Nvidia launches Vera Rubin, its next major AI platform, at CES 2026
January 6, 2026 04:55 pm
AI powerhouse Nvidia (NVDA) announced the launch of its next-generation Vera Rubin superchip at CES 2026 on Monday in Las Vegas. One of six chips that make up what Nvidia is now calling its Rubin platform, Vera Rubin combines one Vera CPU and two Rubin GPUs in a single processor.
Nvidia is framing the Rubin platform as ideal for agentic AI, advanced reasoning models, and mixture-of-experts (MoE) models, which combine a series of “expert” AIs and route queries to the appropriate one depending on the question a user asks.
“Rubin arrives at exactly the right moment, as AI computing demand for both training and inference is going through the roof,” Nvidia CEO Jensen Huang said in a statement.
“With our annual cadence of delivering a new generation of AI supercomputers — and extreme codesign across six new chips — Rubin takes a giant leap toward the next frontier of AI.”
In addition to the Vera CPU and Rubin GPUs, the Rubin platform includes four other networking and storage chips: the Nvidia NVLink 6 Switch, Nvidia ConnectX-9 SuperNIC, Nvidia BlueField-4 DPU, and Nvidia Spectrum-6 Ethernet Switch.
All of that can then be packaged together into Nvidia’s Vera Rubin NVL72 server, which combines 72 GPUs into a single system. Join several NVL72s together, and you get Nvidia’s DGX SuperPOD, a kind of massive AI supercomputer. These huge systems are what hyperscalers like Microsoft, Google, Amazon, and social media giant Meta are spending billions of dollars to get their hands on.

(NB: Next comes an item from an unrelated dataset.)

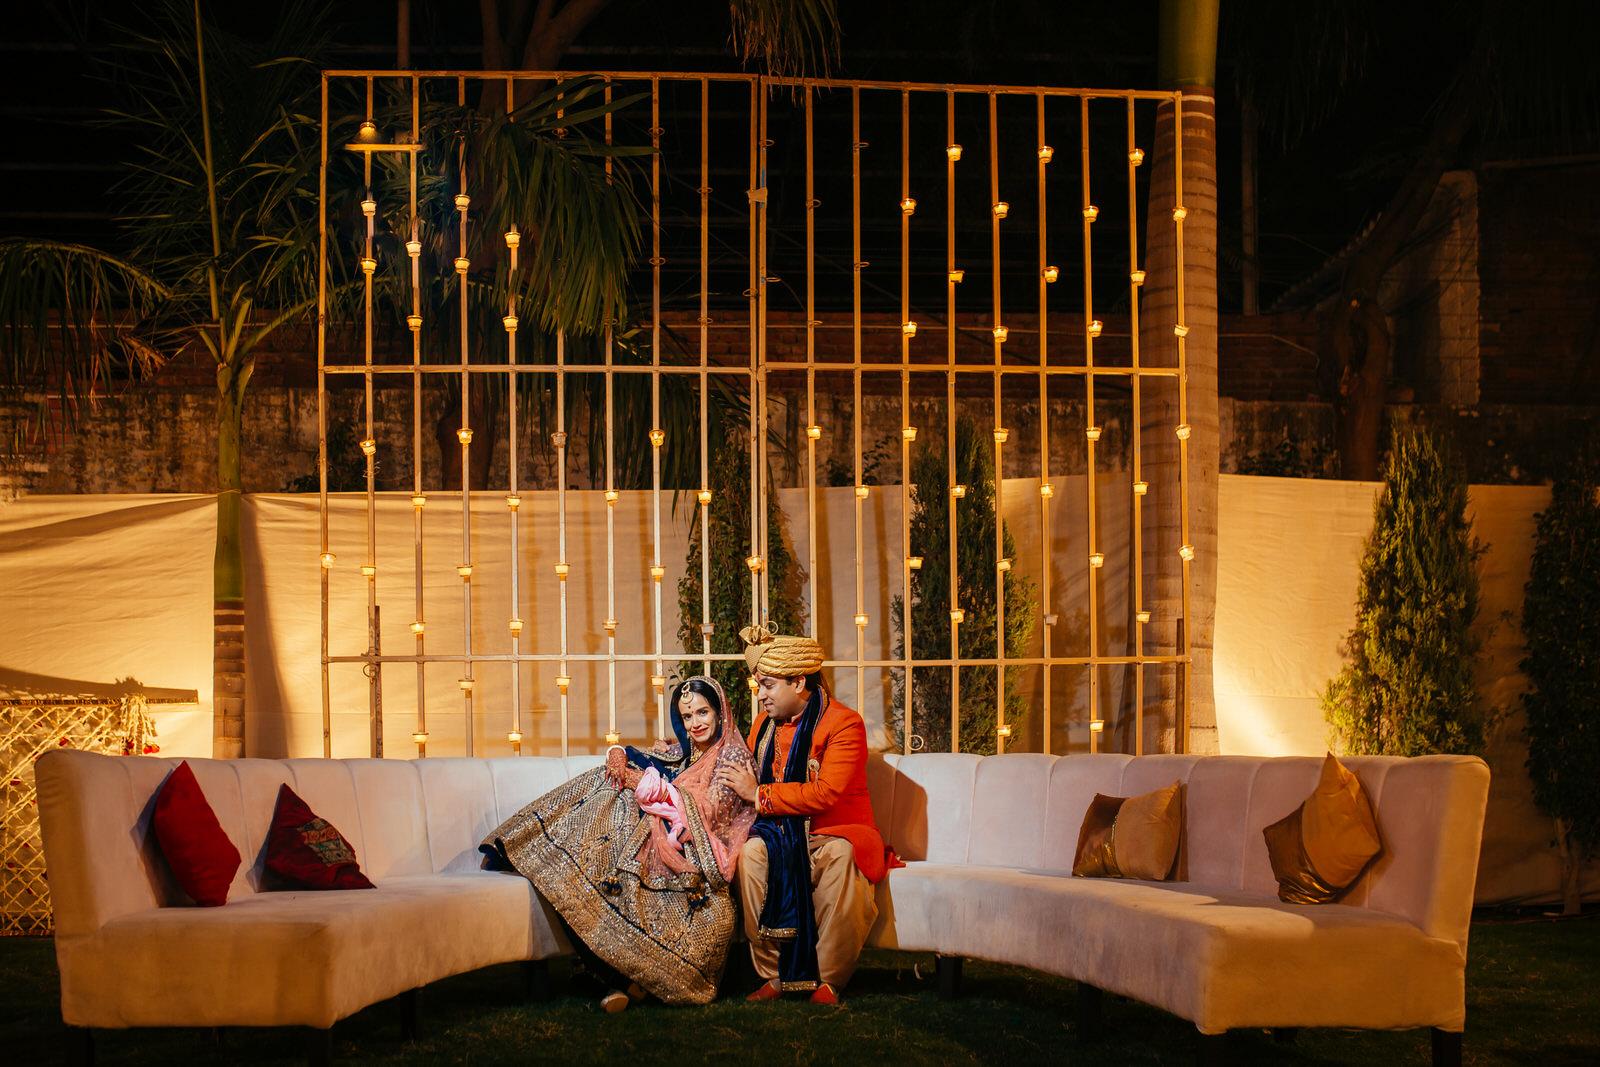 Hindu Night Wedding Day 2 - Camera 1-515.jpg

Nvidia is also touting its AI storage, called Nvidia Inference Context Memory Storage, which the company says is necessary to store and share data generated by trillion-parameter and multi-step reasoning AI models.
All of this is meant to make the Rubin platform more efficient than Nvidia’s previous-generation Grace Blackwell offering.
According to the company, Rubin will result in a 4x reduction in the number of GPUs needed to train the same MoE versus Blackwell systems.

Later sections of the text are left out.